▶ [Work order]
Everything from the line with "Suit Superhero Costume" to the end of the data below, both lines included, should be transcribed exactly; please omit the pictures.

▶ [Data block]
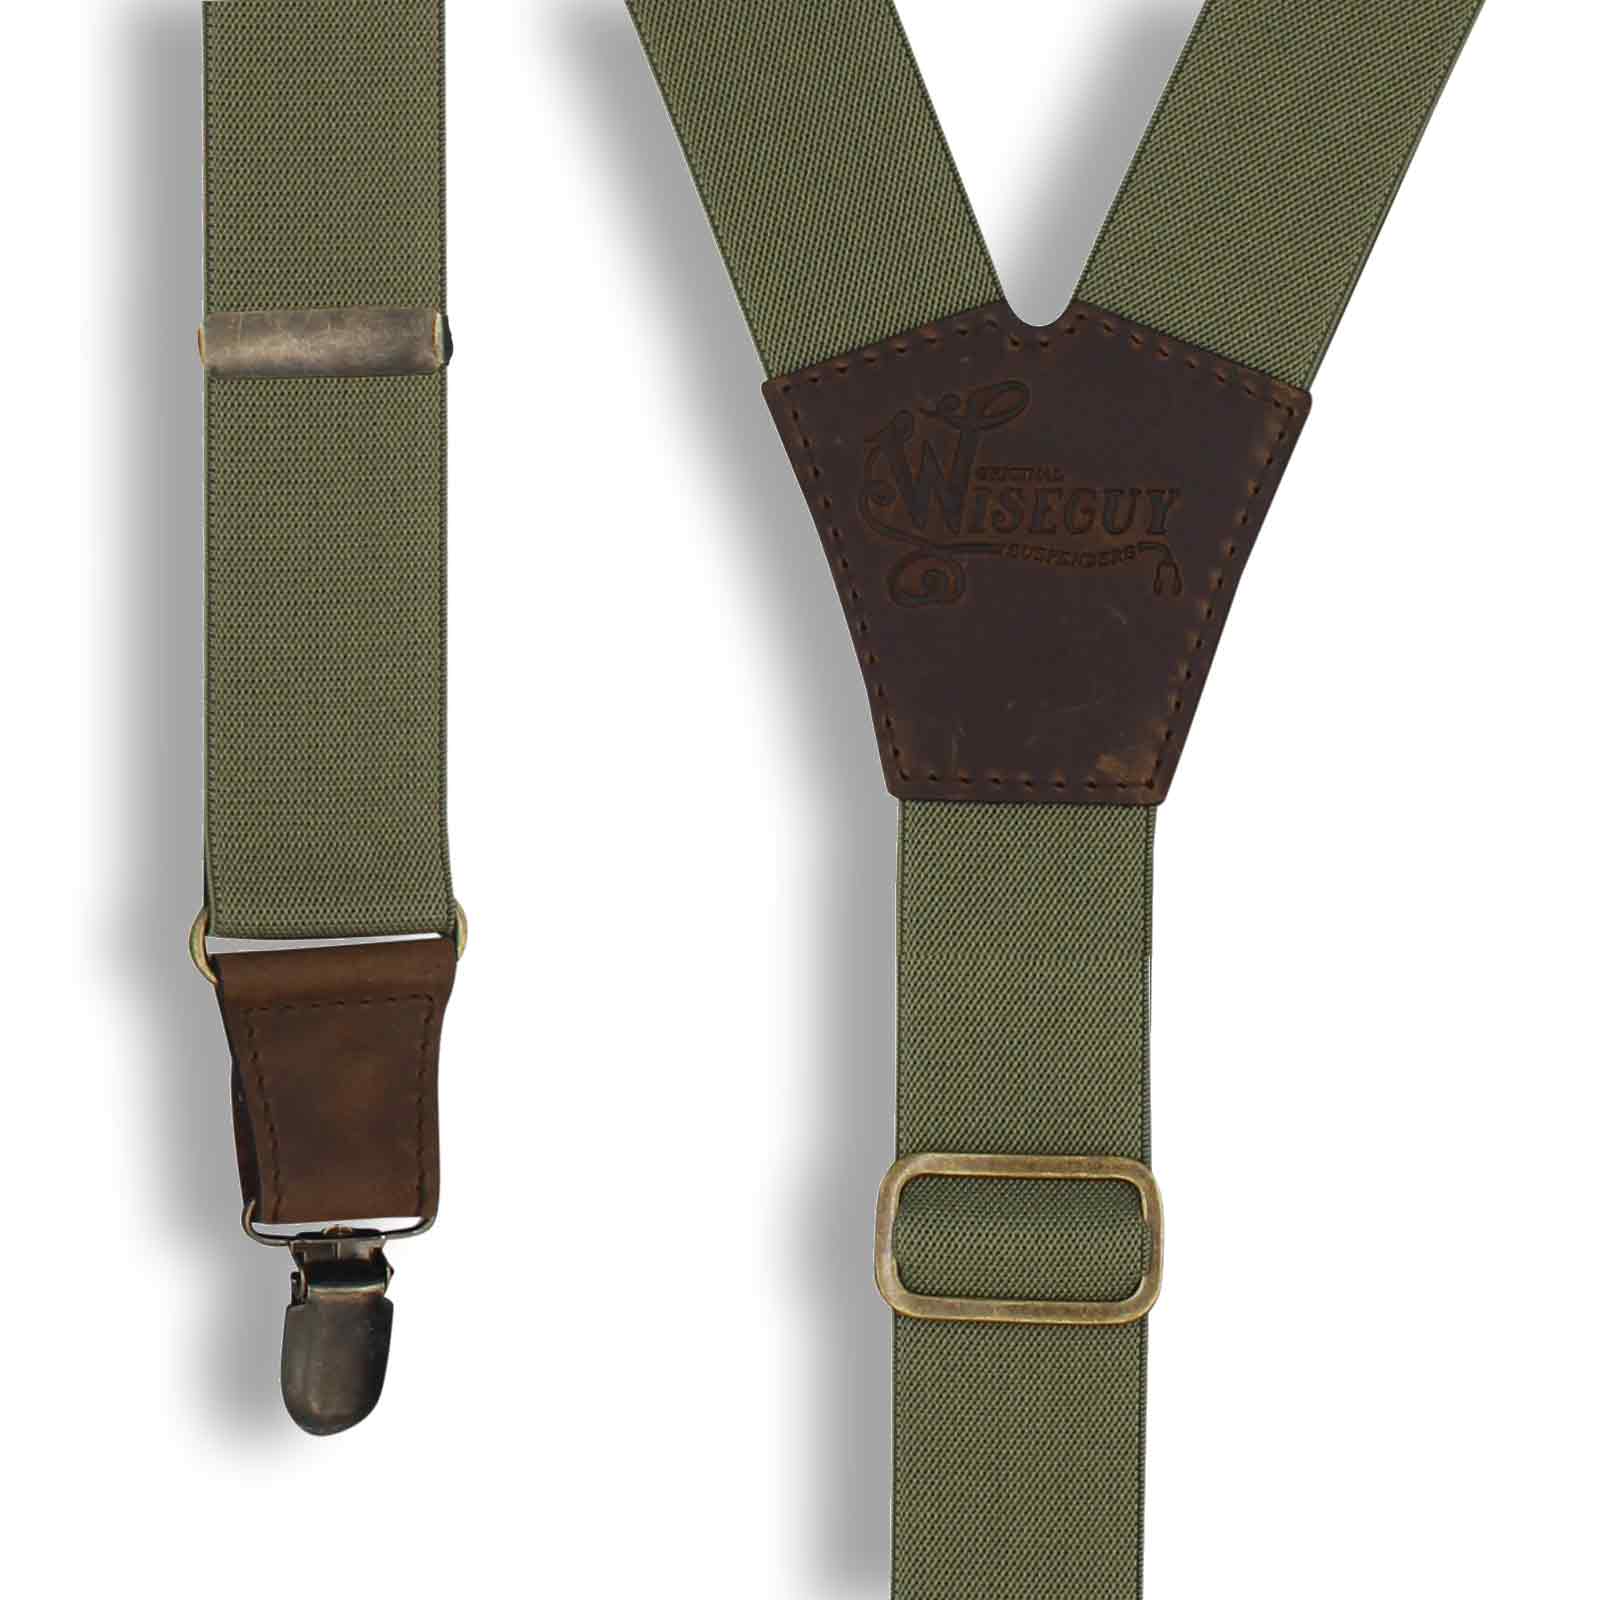 Khaki Green on Dark Brown Suspenders wide straps (1.36 inch/ 3.5 cm) - Wiseguy Suspenders
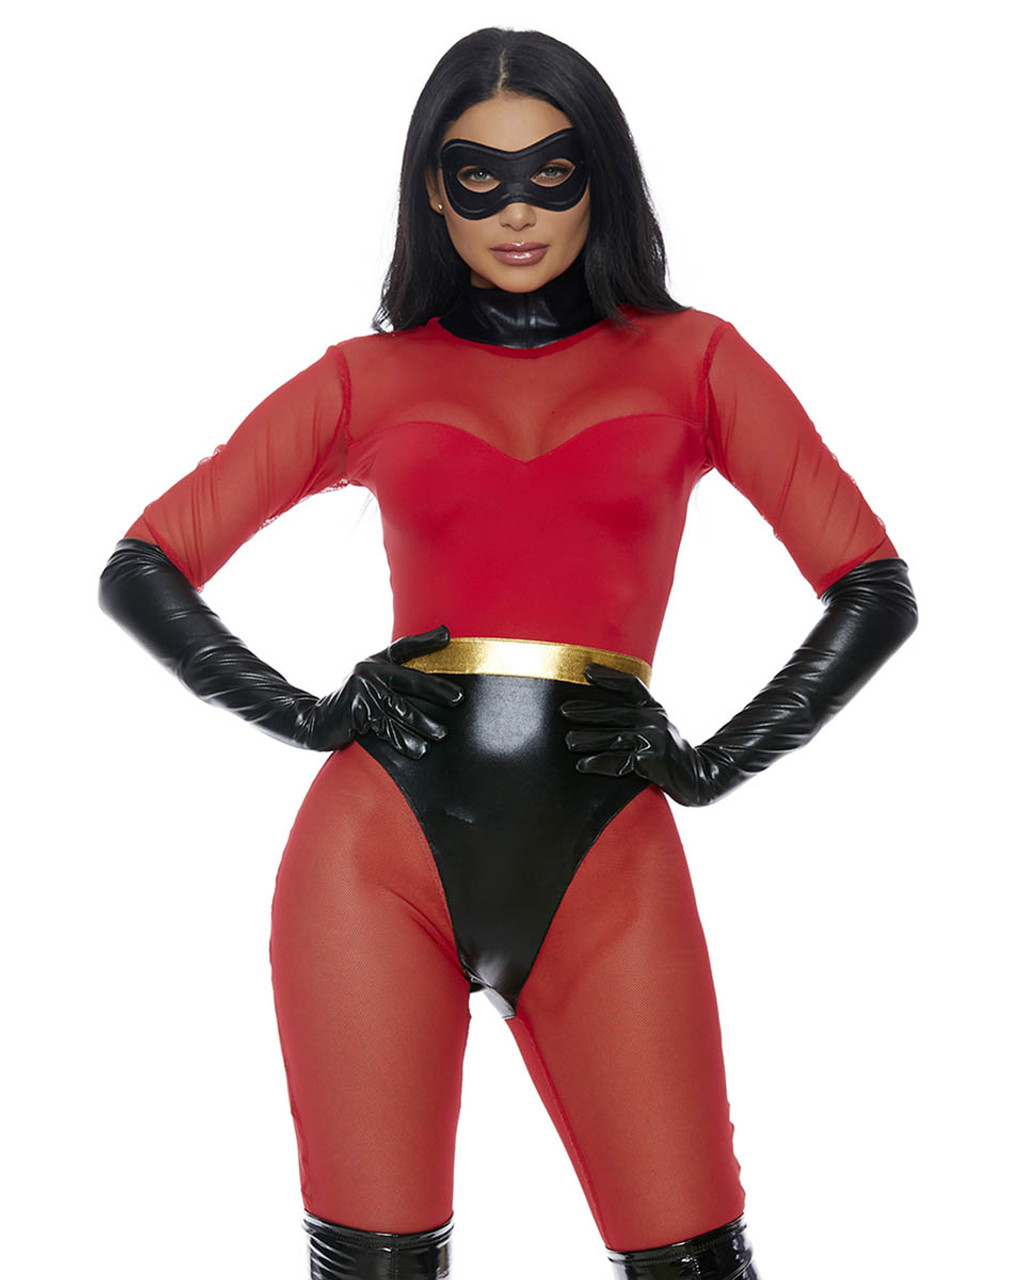 ForPlay  FP-559611, Super Suit Superhero Costume
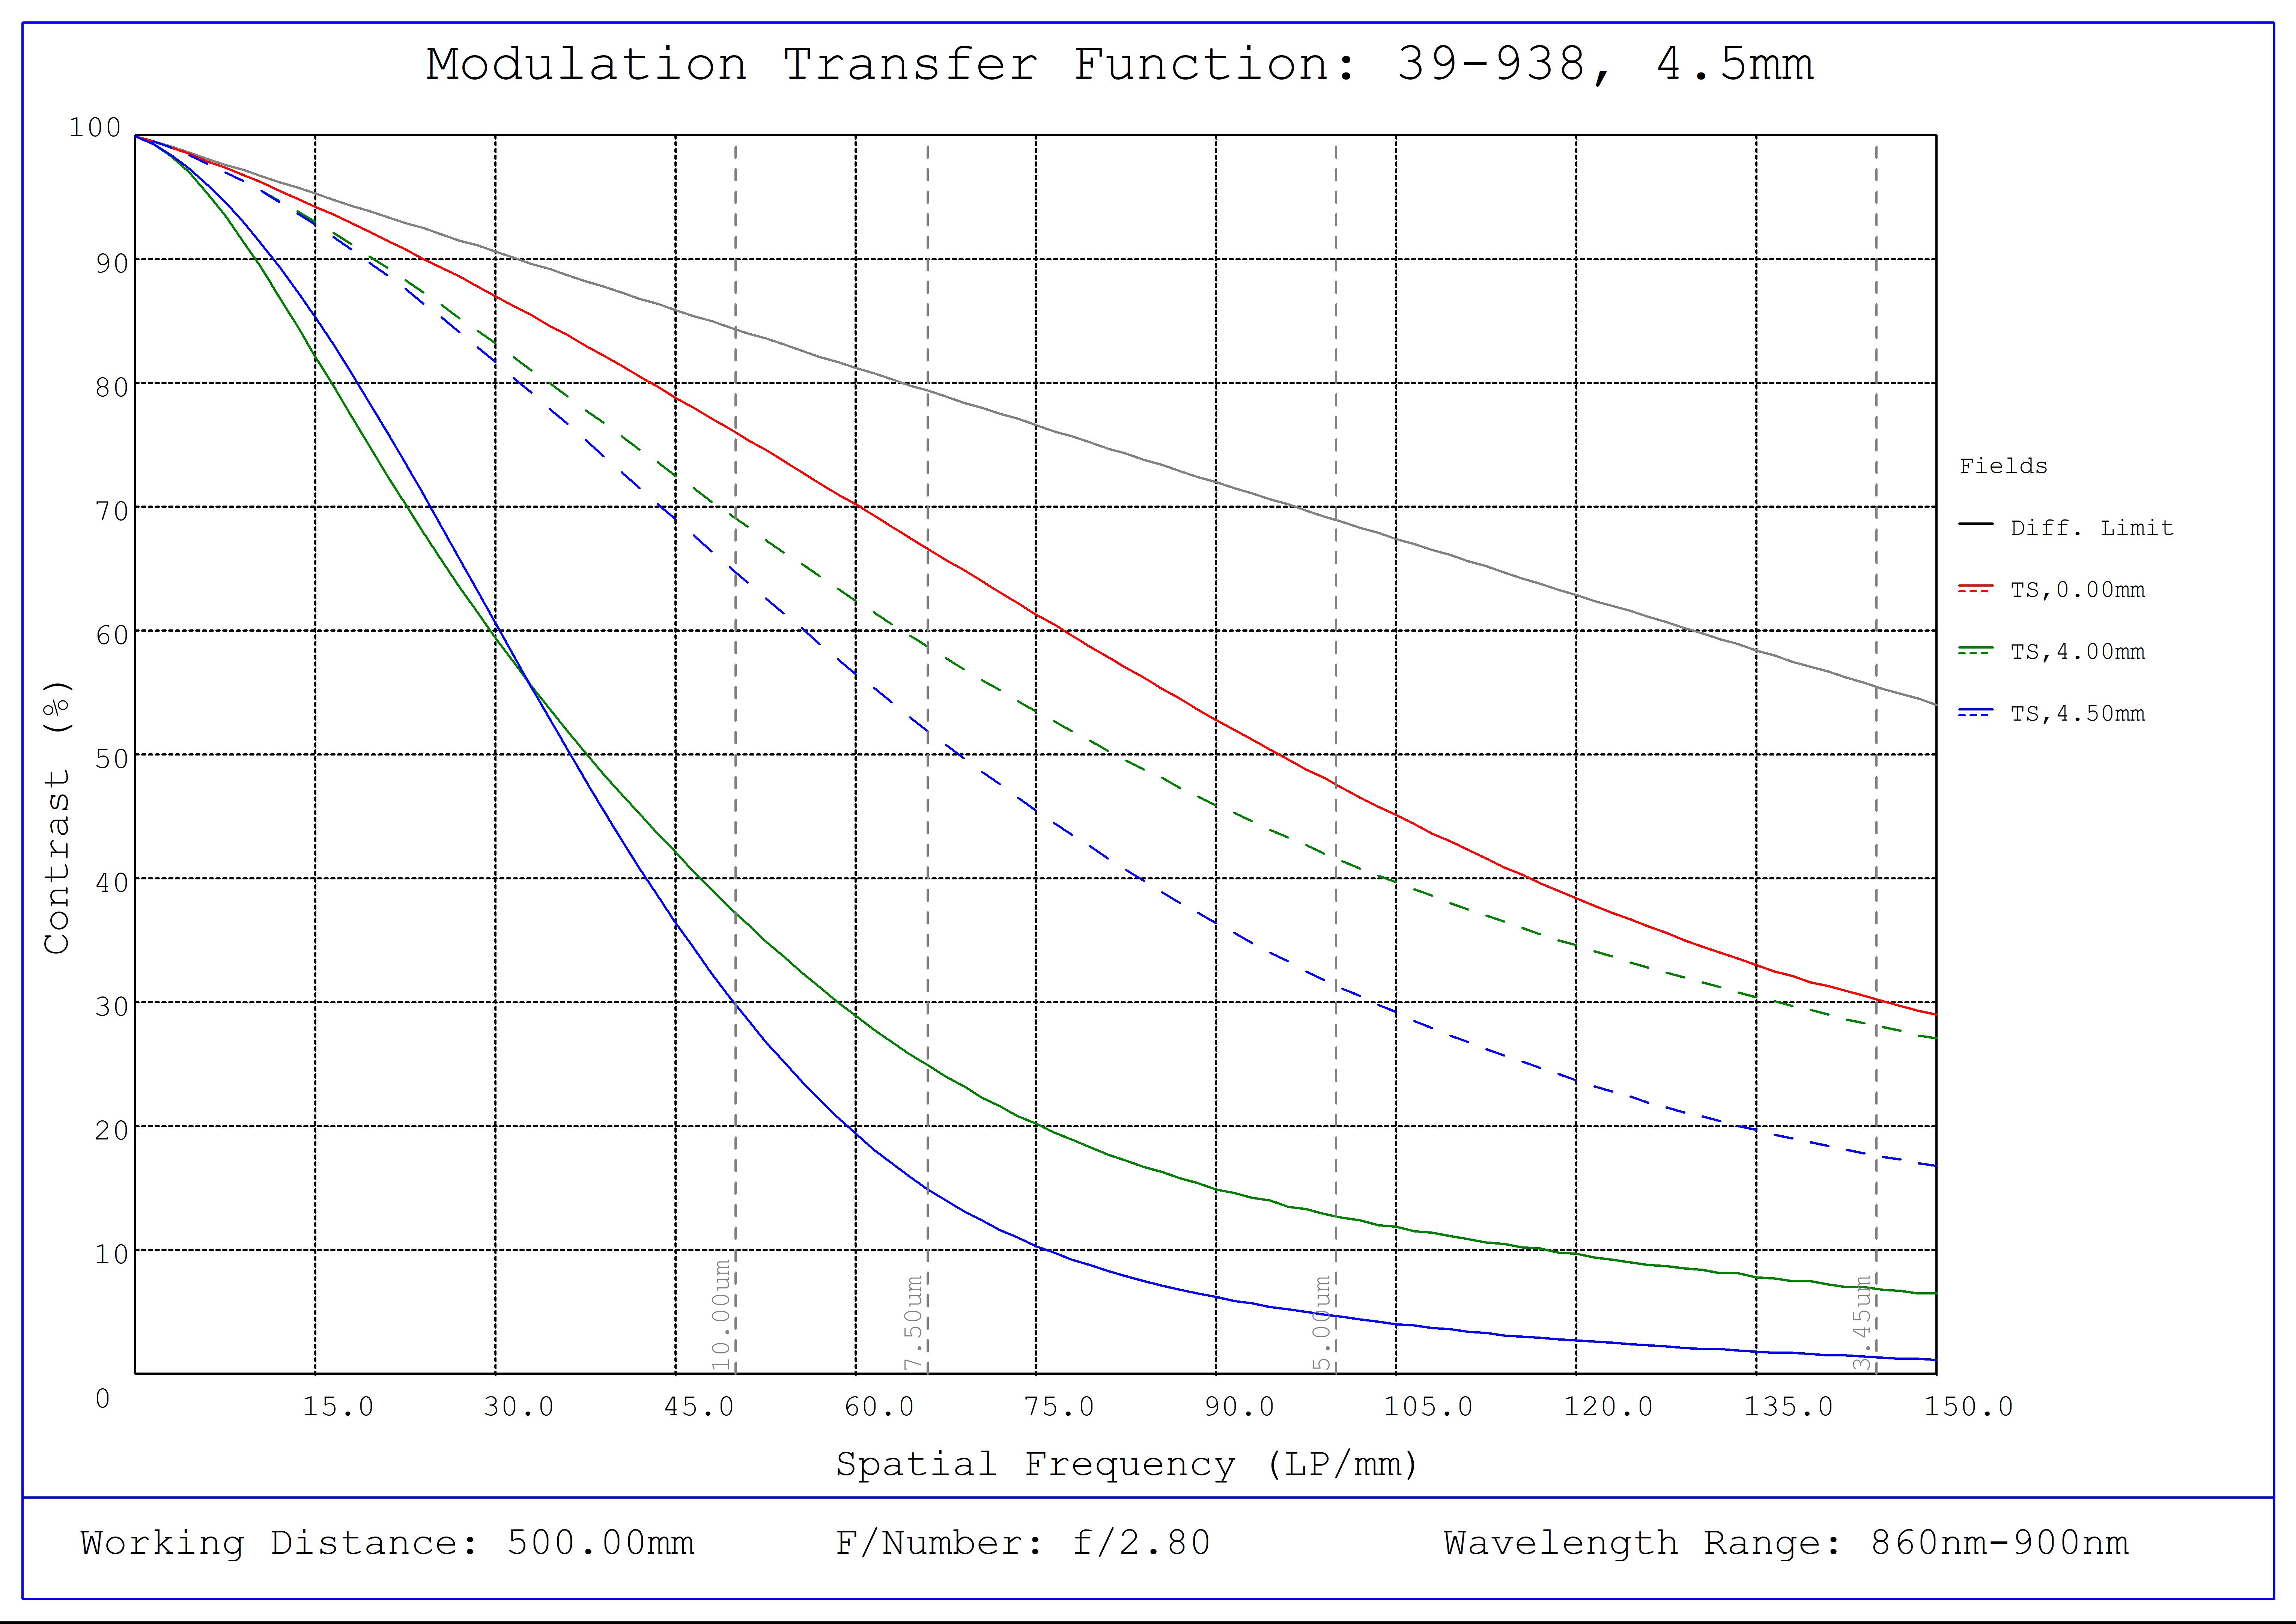 #39-938, 4.5mm C VIS-NIR Series Fixed Focal Length Lens, Modulated Transfer Function (MTF) Plot (NIR), 500mm Working Distance, f2.8

▶ [Solution]
 ForPlay  FP-559611, Super Suit Superhero Costume
 #39-938, 4.5mm C VIS-NIR Series Fixed Focal Length Lens, Modulated Transfer Function (MTF) Plot (NIR), 500mm Working Distance, f2.8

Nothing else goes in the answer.